Но я видела, она обдумывает услышанное. Так ведь не договаривались, что у нее в доме будут держать помешанную. И с тех пор, принося наверх поднос, она всегда украдкой косилась на Мод — как бы та не укусила.
— Она меня не любит, — сказала Мод, заметив это странное поведение на третий раз.
Я быстро сообразила и ответила:
— Не любит? Вас? Какая нелепая мысль! С чего бы ей вас не любить?

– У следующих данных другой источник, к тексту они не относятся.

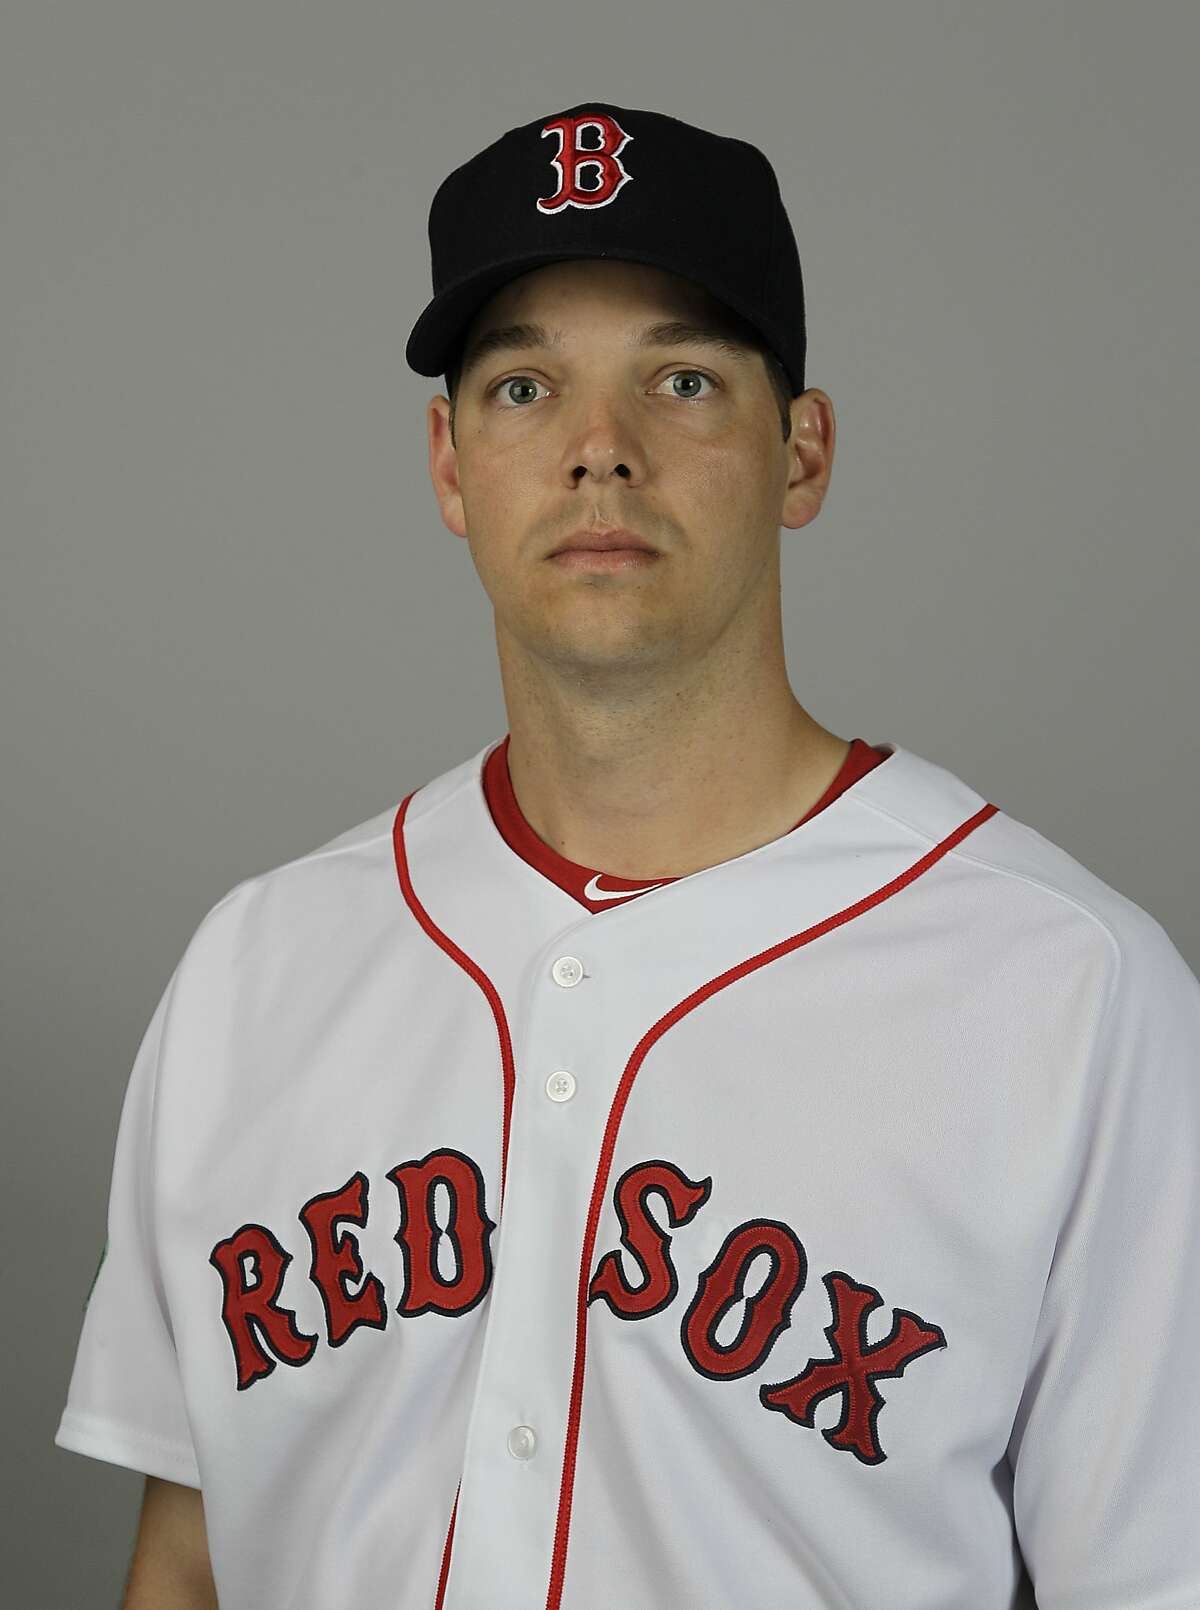 FILE - This is a 2012 file photo showing Boston Red Sox baseball player Rich Hill. Hill starts spring training with a heavy heart. Hill reported to Boston's camp on Thursday, March 6, 2014, following the death of son Brooks, who was less than 2 months old when he died on Feb. 24. (AP Photo/David Goldman/File)

— Ну, не знаю, — спокойно ответила Мод, глядя на свои руки.
Позже она то же сказала и Джентльмену, и он похвалил меня.
— Вот и хорошо, — сказал он. — Пусть миссис Крем боится ее, а она пусть втайне побаивается миссис Крем. Отлично. Это нам пригодится, когда будем вызывать врача.
Но до этого нужно было выждать еще неделю. Мне казалось, это самая ужасная неделя в моей жизни. Он обещал Мод, что они пробудут здесь только сутки. Однако на следующее утро он посмотрел на нее и покачал головой:
— Какая вы бледная, Мод! Думаю, вам нездоровится. Думаю, нам следует еще задержаться здесь, пока здоровье ваше не поправится.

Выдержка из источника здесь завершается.